WORK TO BE COMPLETED
Give back all of the data exactly, with every picture omitted.

GIVEN INFORMATION
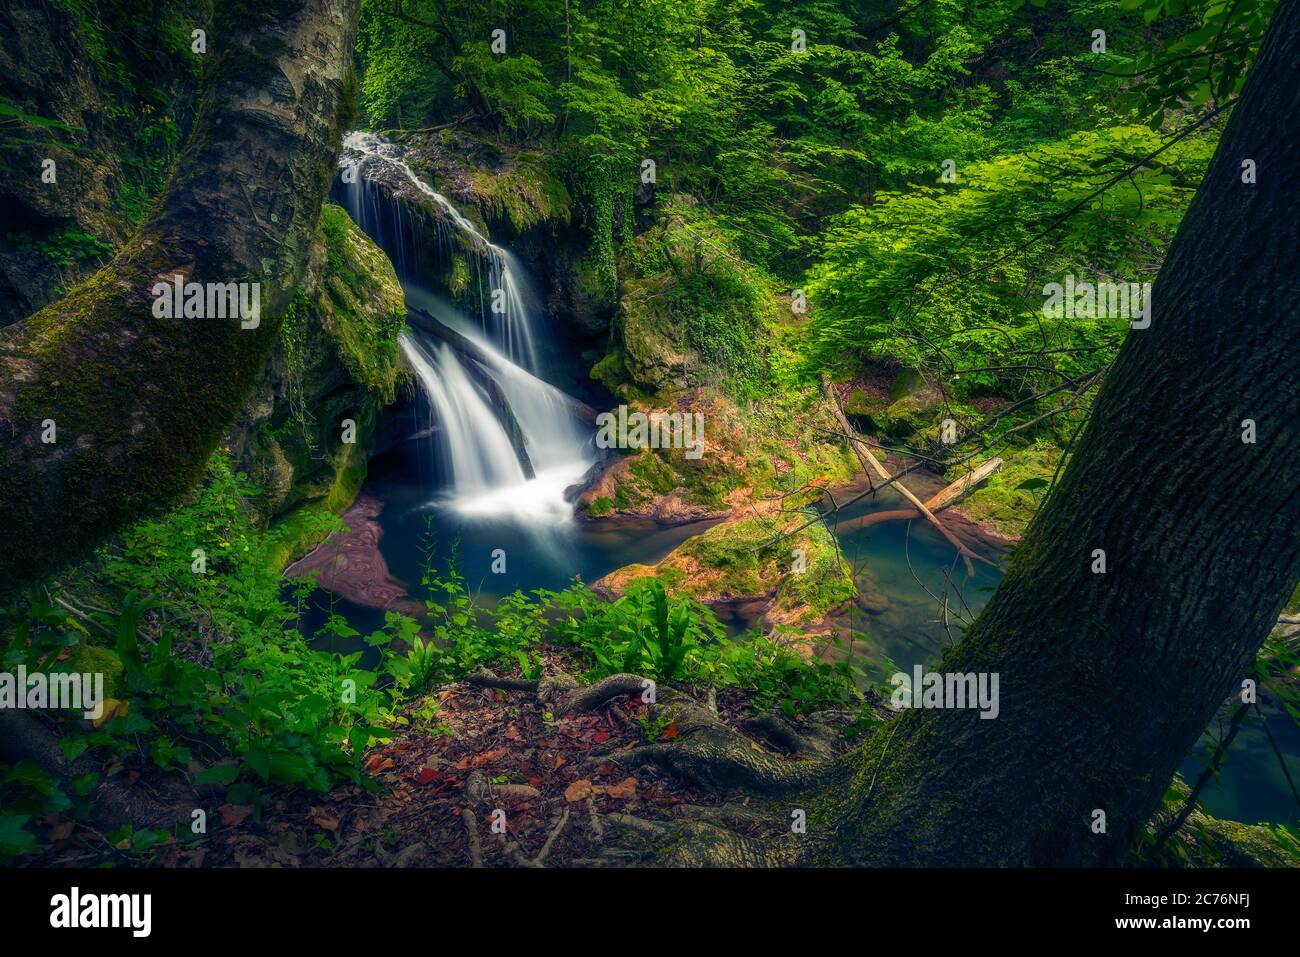 Vaioaga waterfall big waterfall in Nera gorges Cheile Nerei in Romania framed between two trees Stock Photo
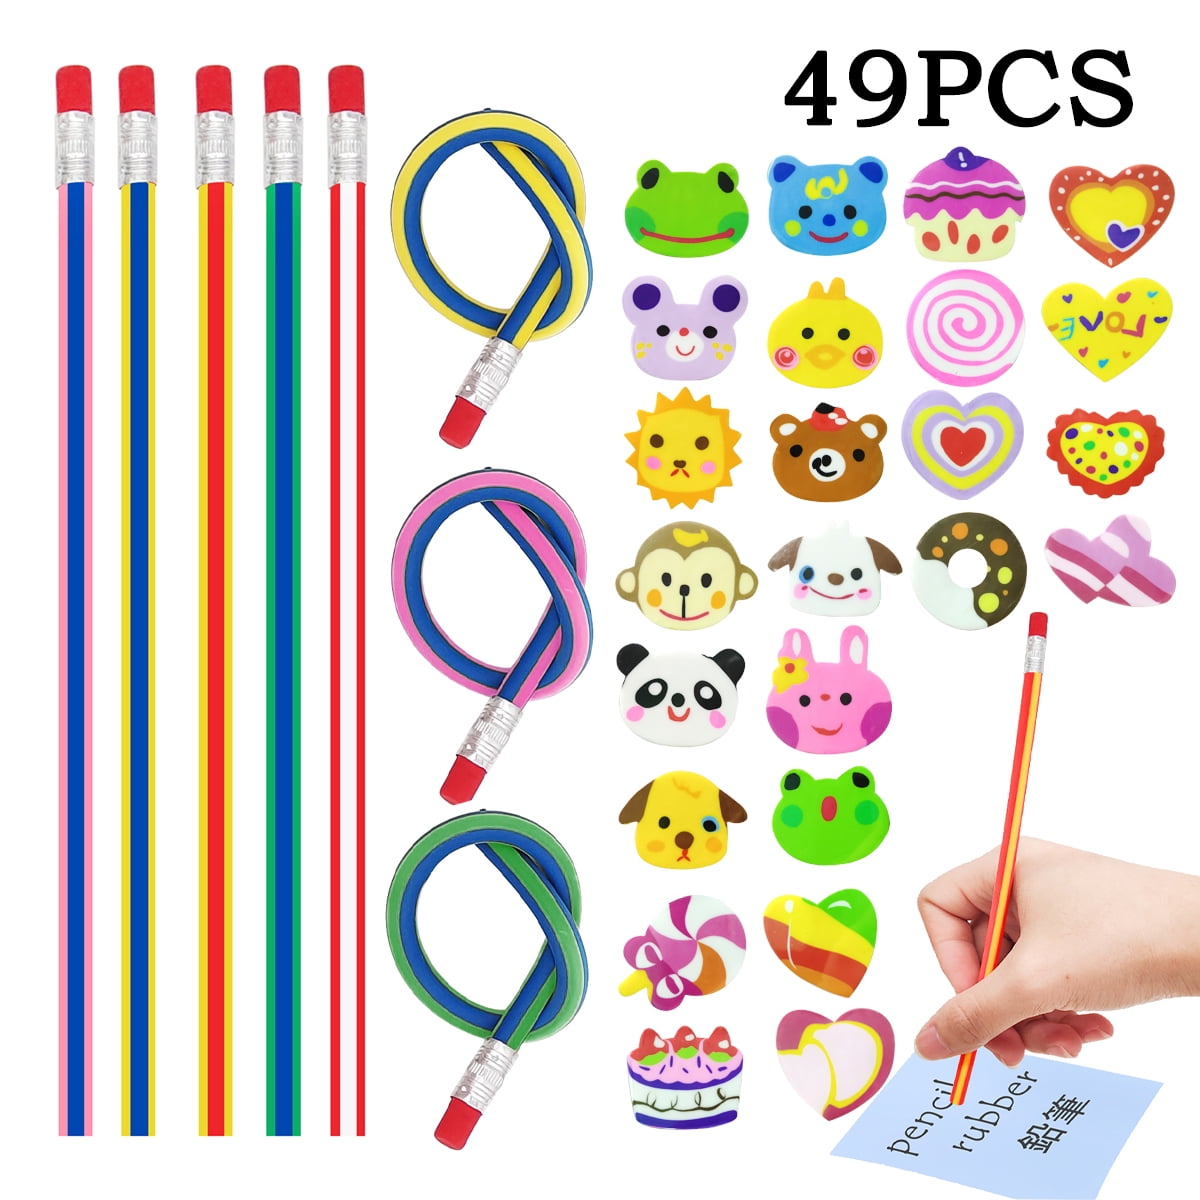 Retrok 6pcs Everlasting Pencil Eternal Pencil Reusable Infinity Pencil with  6 Replacement Nibs Portable Writing Drawing Pencils Set Cute Unlimited  Pencils for School Students Office 
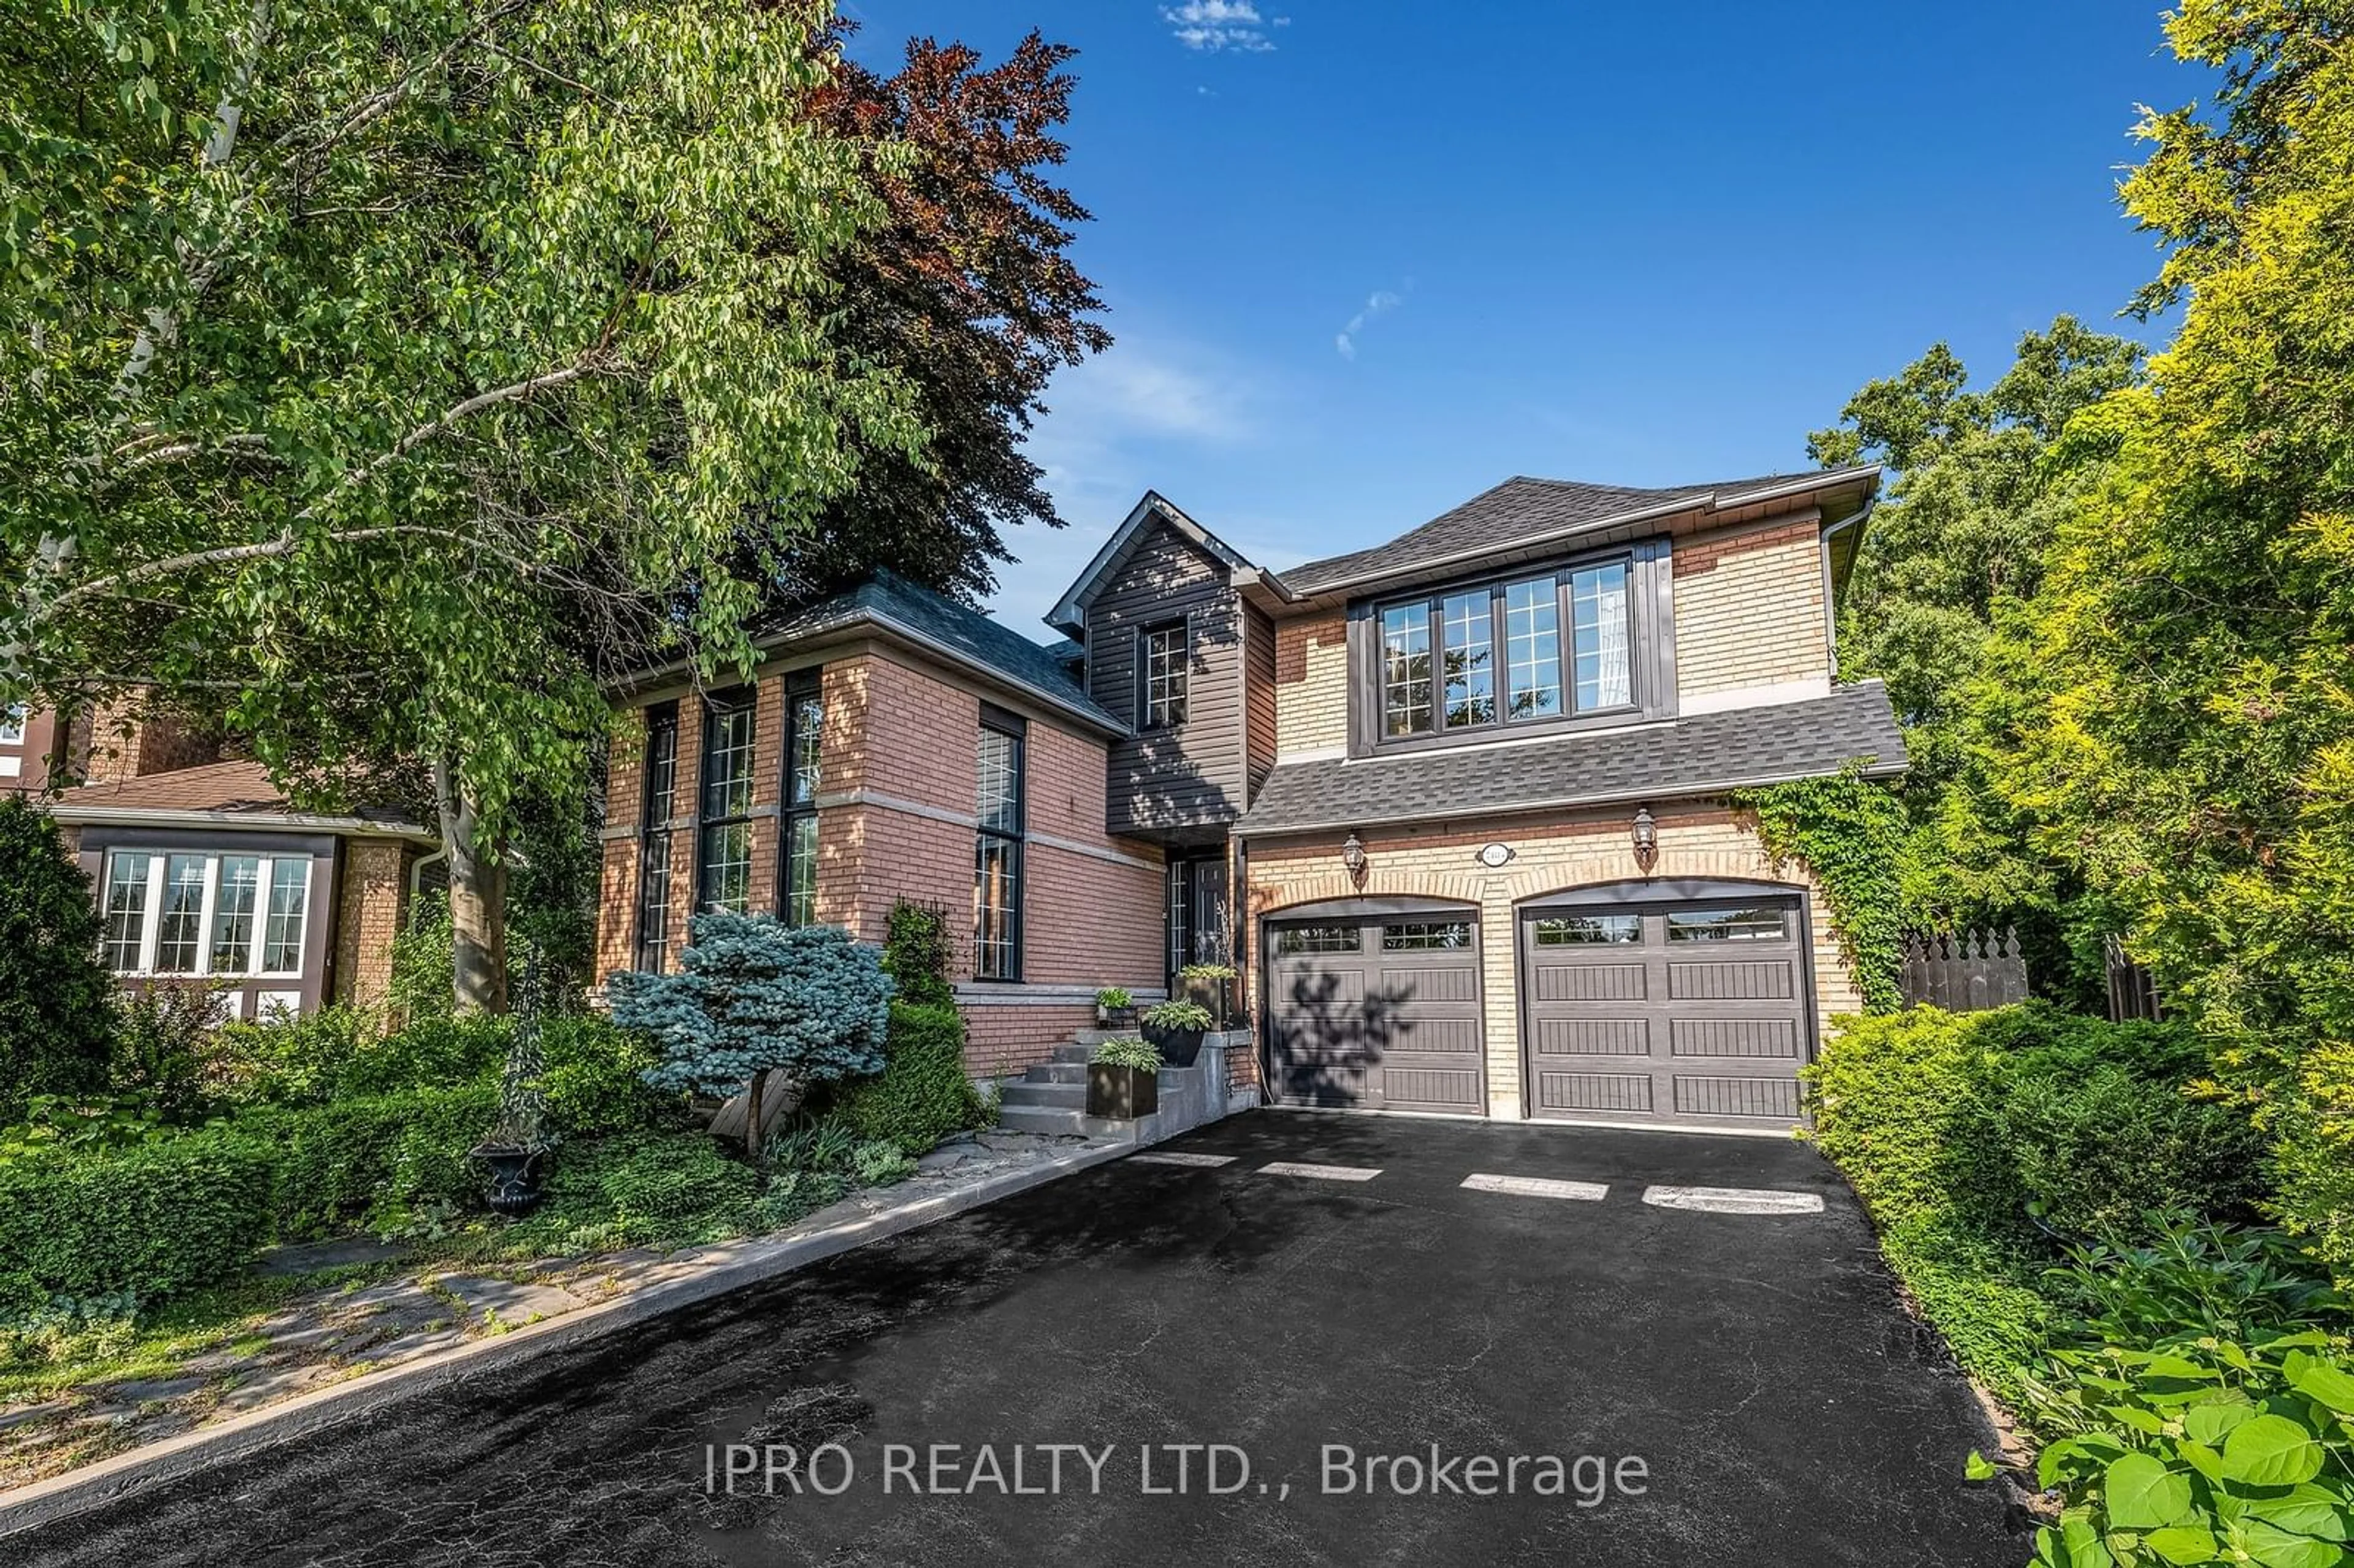 Home with brick exterior material for 7183 Windrush Crt, Mississauga Ontario L5N 6K1

OUTPUT FOR THIS TASK
 Vaioaga waterfall big waterfall in Nera gorges Cheile Nerei in Romania framed between two trees Stock Photo
 Retrok 6pcs Everlasting Pencil Eternal Pencil Reusable Infinity Pencil with  6 Replacement Nibs Portable Writing Drawing Pencils Set Cute Unlimited  Pencils for School Students Office 
 Home with brick exterior material for 7183 Windrush Crt, Mississauga Ontario L5N 6K1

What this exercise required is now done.